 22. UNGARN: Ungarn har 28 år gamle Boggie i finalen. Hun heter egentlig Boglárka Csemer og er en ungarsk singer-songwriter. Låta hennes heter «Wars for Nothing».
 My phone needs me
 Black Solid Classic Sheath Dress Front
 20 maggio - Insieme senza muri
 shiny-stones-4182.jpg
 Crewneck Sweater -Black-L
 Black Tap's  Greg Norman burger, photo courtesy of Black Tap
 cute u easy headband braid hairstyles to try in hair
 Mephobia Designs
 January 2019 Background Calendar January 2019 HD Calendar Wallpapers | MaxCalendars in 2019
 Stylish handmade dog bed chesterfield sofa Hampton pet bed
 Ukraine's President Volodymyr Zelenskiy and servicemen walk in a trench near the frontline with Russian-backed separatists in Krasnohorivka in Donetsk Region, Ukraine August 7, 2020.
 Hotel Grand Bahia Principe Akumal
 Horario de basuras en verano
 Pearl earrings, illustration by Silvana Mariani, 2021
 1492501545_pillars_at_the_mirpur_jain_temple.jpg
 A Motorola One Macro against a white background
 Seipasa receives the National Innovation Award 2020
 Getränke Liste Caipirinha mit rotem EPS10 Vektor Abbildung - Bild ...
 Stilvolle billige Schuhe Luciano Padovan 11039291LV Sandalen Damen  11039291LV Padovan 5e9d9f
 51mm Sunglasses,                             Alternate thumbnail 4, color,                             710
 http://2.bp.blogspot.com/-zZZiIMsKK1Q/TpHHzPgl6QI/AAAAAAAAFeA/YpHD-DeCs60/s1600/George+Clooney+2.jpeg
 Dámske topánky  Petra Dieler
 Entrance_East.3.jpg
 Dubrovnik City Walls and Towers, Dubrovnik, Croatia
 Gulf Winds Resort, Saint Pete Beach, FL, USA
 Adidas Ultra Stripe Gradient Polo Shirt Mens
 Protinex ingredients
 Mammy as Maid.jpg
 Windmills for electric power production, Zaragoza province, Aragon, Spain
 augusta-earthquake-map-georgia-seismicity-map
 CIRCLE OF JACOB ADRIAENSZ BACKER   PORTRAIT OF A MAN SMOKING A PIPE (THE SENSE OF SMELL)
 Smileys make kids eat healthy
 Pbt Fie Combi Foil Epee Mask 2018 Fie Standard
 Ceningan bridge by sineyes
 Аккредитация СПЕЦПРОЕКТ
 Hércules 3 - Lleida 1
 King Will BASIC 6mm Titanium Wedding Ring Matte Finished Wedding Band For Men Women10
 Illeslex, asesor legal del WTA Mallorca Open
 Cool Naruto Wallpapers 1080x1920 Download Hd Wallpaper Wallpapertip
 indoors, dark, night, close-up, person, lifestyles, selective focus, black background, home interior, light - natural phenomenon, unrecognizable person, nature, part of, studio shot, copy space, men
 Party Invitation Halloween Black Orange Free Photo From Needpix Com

━━━━━━━━━━

Output exactly the lines of the data that run from the one containing "indoors, dark, night, close-up, person, lifestyles, selective" to the very last line, and no others.

 indoors, dark, night, close-up, person, lifestyles, selective focus, black background, home interior, light - natural phenomenon, unrecognizable person, nature, part of, studio shot, copy space, men
 Party Invitation Halloween Black Orange Free Photo From Needpix Com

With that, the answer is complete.